DSM sets up Danish sales office
December 2, 1998
DSM has bought out its Danish distributor Macrodan and set up its own sales office - DSM Scandinavia - in Birkerod. The office will handle sales of polyethylene, polypropylene, styrenics, engineering plastics and elastomers. DSM's sales in Denmark total nearly NLG 100 million.
 
Grabor takes over Audus Noble HDPE bottle business
December 1, 1998
Audus Noble has sold its HDPE extrusion blow moulding business to Grabor Plastics, and is to concentrate on PVC and PET jars and injection moulding.
     Many of the moulds will be transferred to existing machines at Grabor, and machines have been bought to carry the larger and more specialist moulds which expand Grabor's portfolio, such as for large containers with handles.
 
AlliedSignal invests in Korea
December 1, 1998
AlliedSignal is buying out its partner in AlliedSignal Korea Ltd. Buying the 50 per cent owned by LG Chemical gives AlliedSignal a stronger position in Korea, and helps LG Chemical rationalise its business involvement.
 
Incoe to build Gas Injection equipment
December 1, 1998
Gas Injection is making a push into the North American market by licensing hot runner specialist Incoe to build its equipment for gas assisted injection moulding. Incoe will also provide service and support in the USA, Mexico and Canada.
     Gas Injection has also linked with an unidentified injection moulding machine manufacturer to build machines with gas assist facilites built-in. The machines have large platens relative to their lock, high shot volumes, gas control housed within the frame, and on-screen graphics for gas control. Because they are intended for gas assisted moulding, the machines do not have the refinements necessary for high pressure fast cycling operation, which compensates for adding the gas assist features.

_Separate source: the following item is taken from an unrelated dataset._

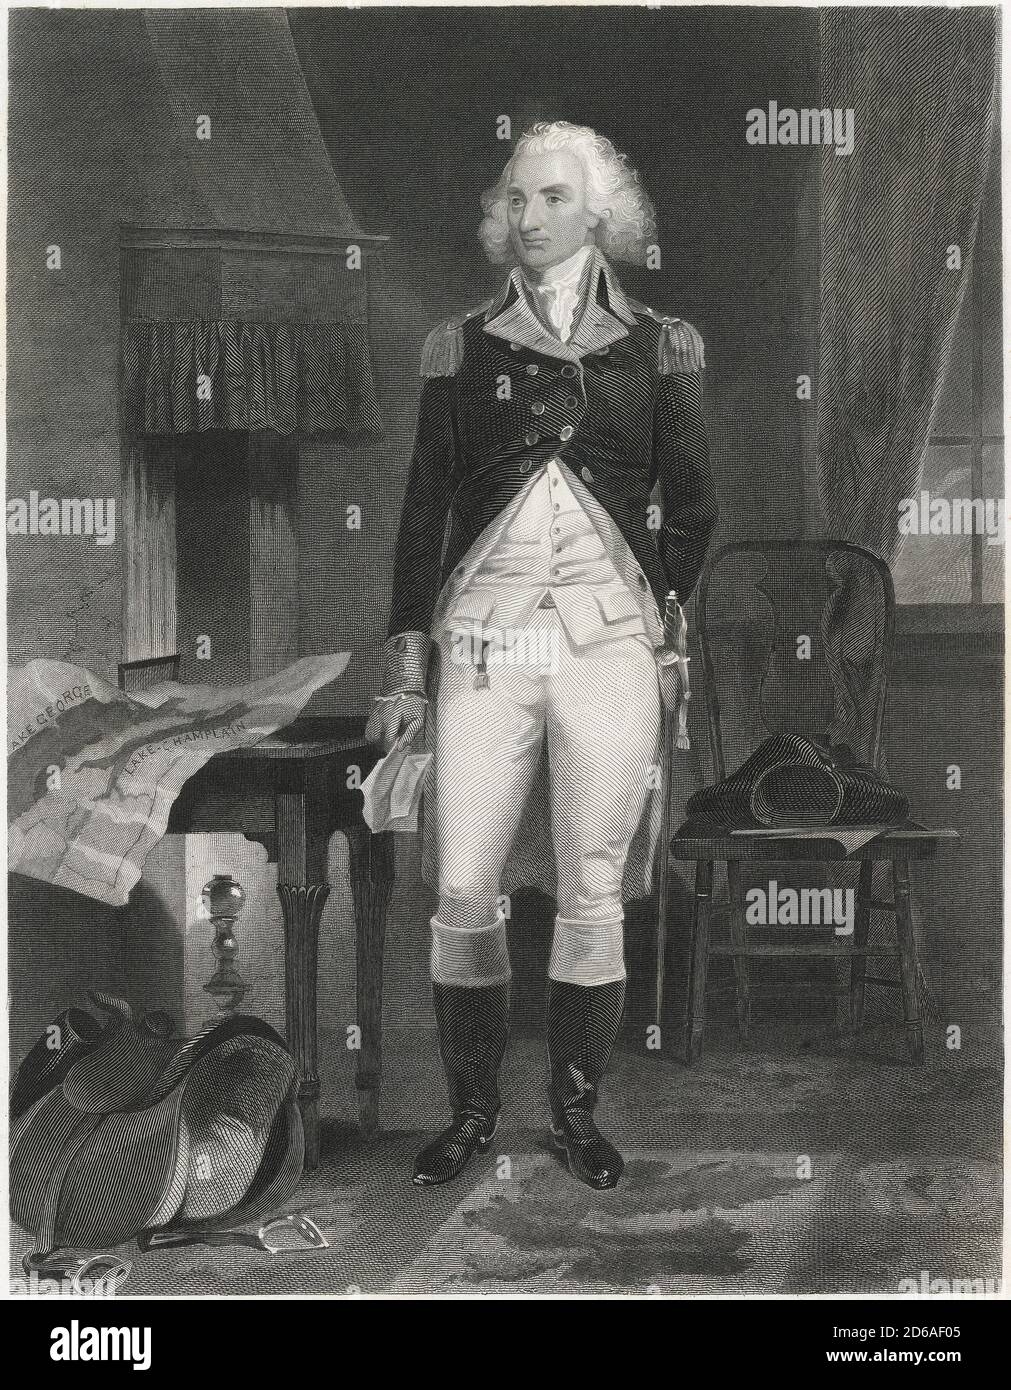 Antique c1870 engraving, Philip Schuyler. Philip John Schuyler (1733-1804) was an American general in the Revolutionary War and a United States Senator from New York. SOURCE: ORIGINAL ENGRAVING Stock Photo

     The range runs from 20 to 600 tonnes, with the 600 tonne machine capable of moulding components which require a conventional 1,200 tonnes machine, and at the smaller end, making gas injection viable for small mouldings.

Gas Injection

MBO at Betts
December 1, 1998
The Betts businesses of Akzo Nobel have been bought out by an eight-strong management team in a £103 million deal and retitled Betts UK.

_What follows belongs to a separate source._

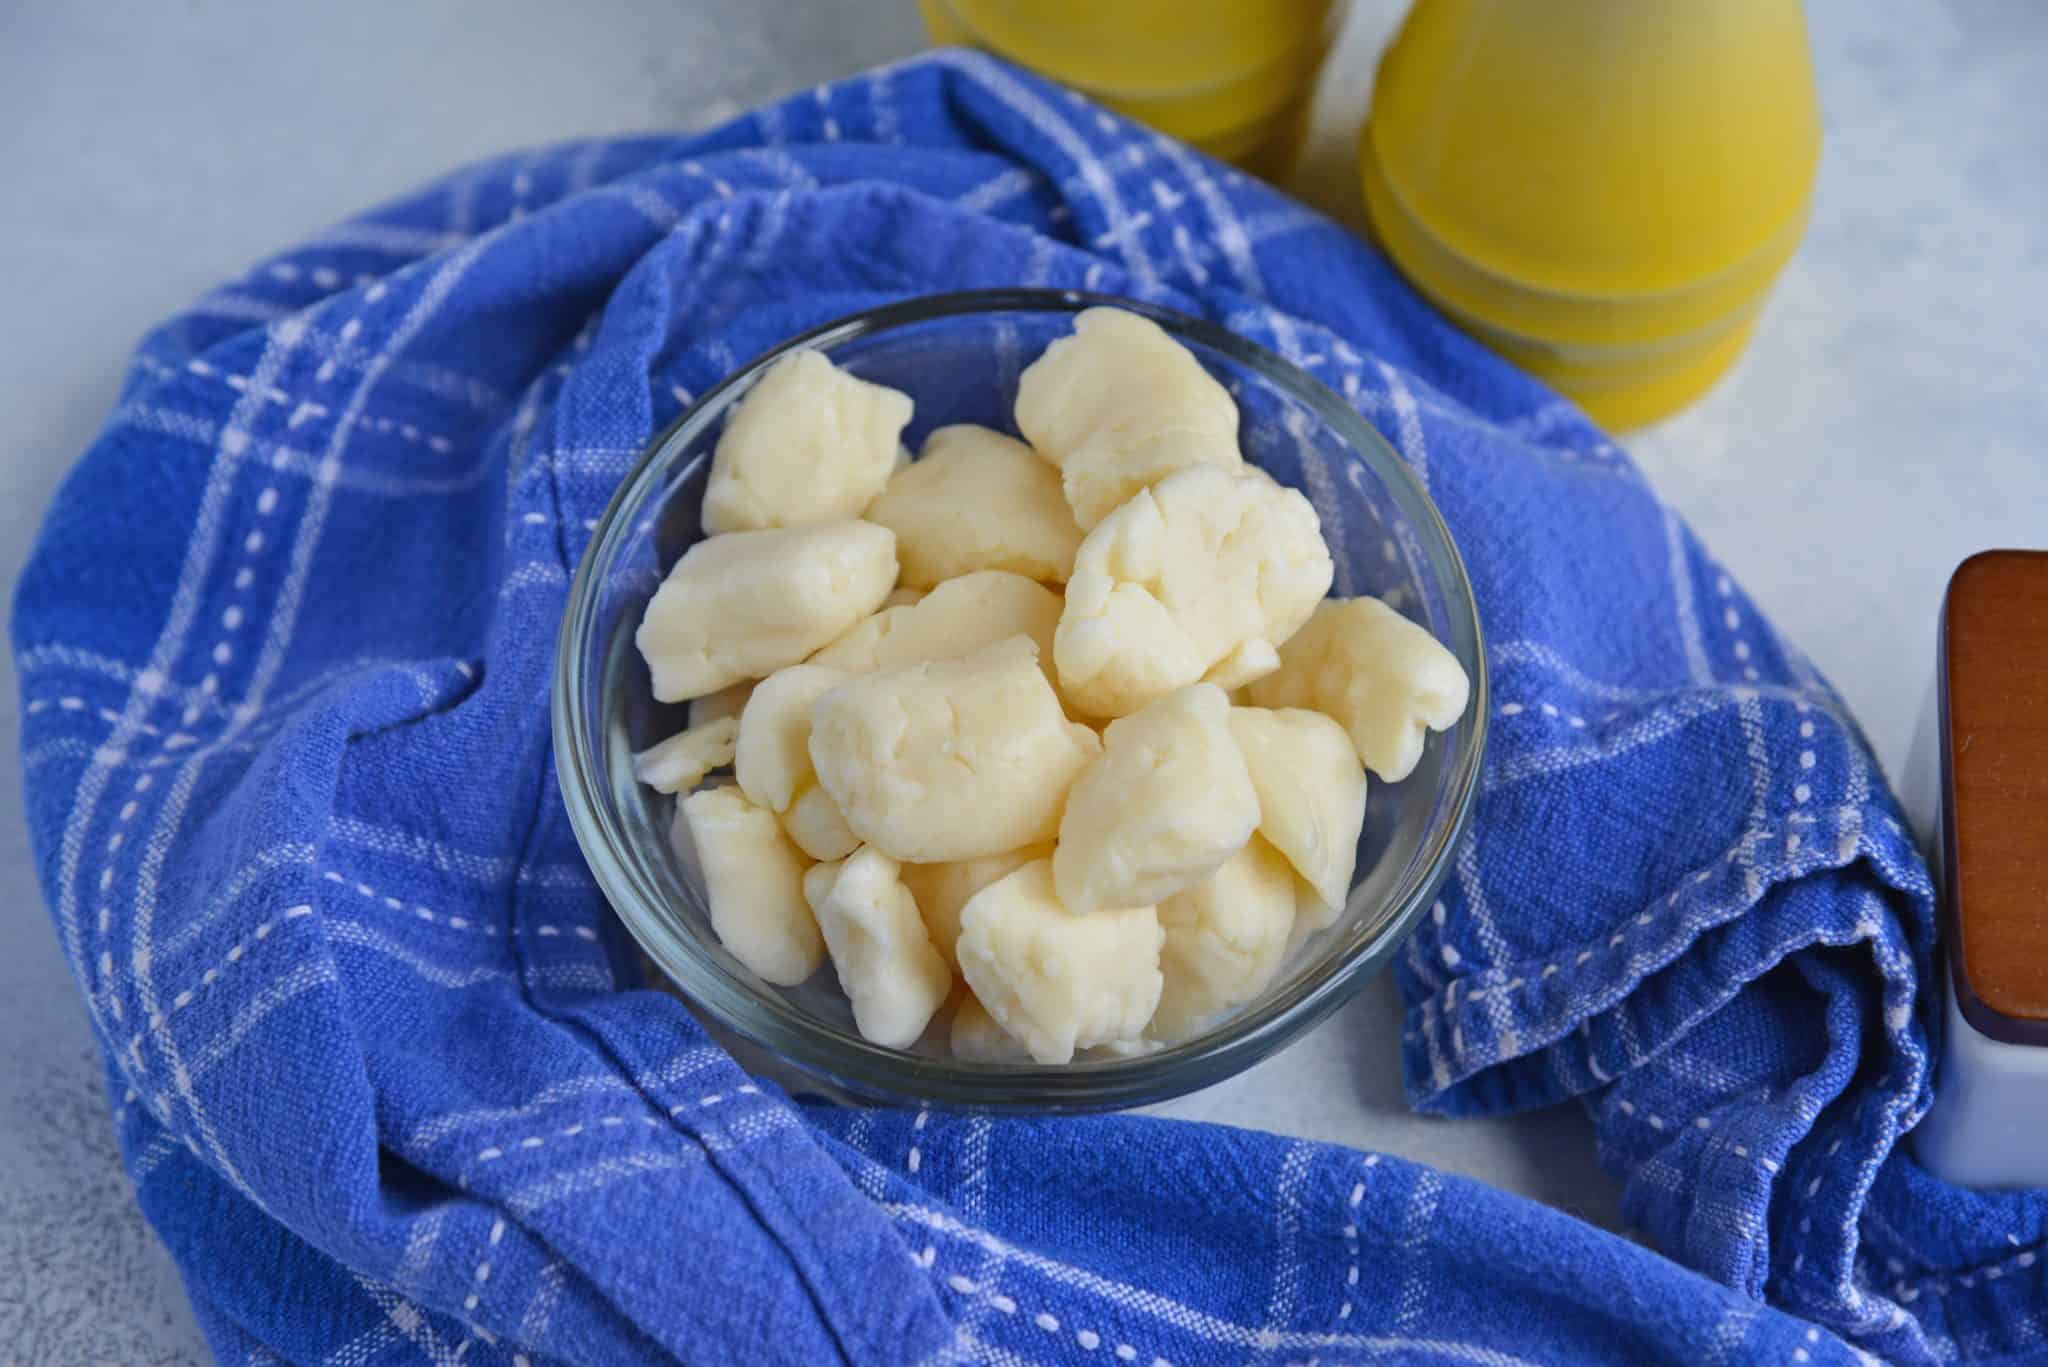 What are cheese curds?

     The company is headquartered in Colchester, with a clean room factory in Wrexham and other plants in Florence, Italy; Kentucky, USA; Warsaw, Poland; Goa, India; Surabaya, Indonesia and Shanghai, China. It has an annual turnover of £100 million, and says it is the world's leading producer of asthma inhalers, the world's second largest manufacturer of toothpaste tubes, and a European leader in pharmaceutical tubes. Its customers include Unilever, Colgate Palmolive, Glaxo Wellcome, Boots and SmithKline Beecham.
 
New top man at Blowspeed
December 1, 1998
The new chief executive of Thanet-based blow and injection moulder Blowspeed is Roger Dennett, who joins the company from BMI Electronics where he was chief executive and managing director.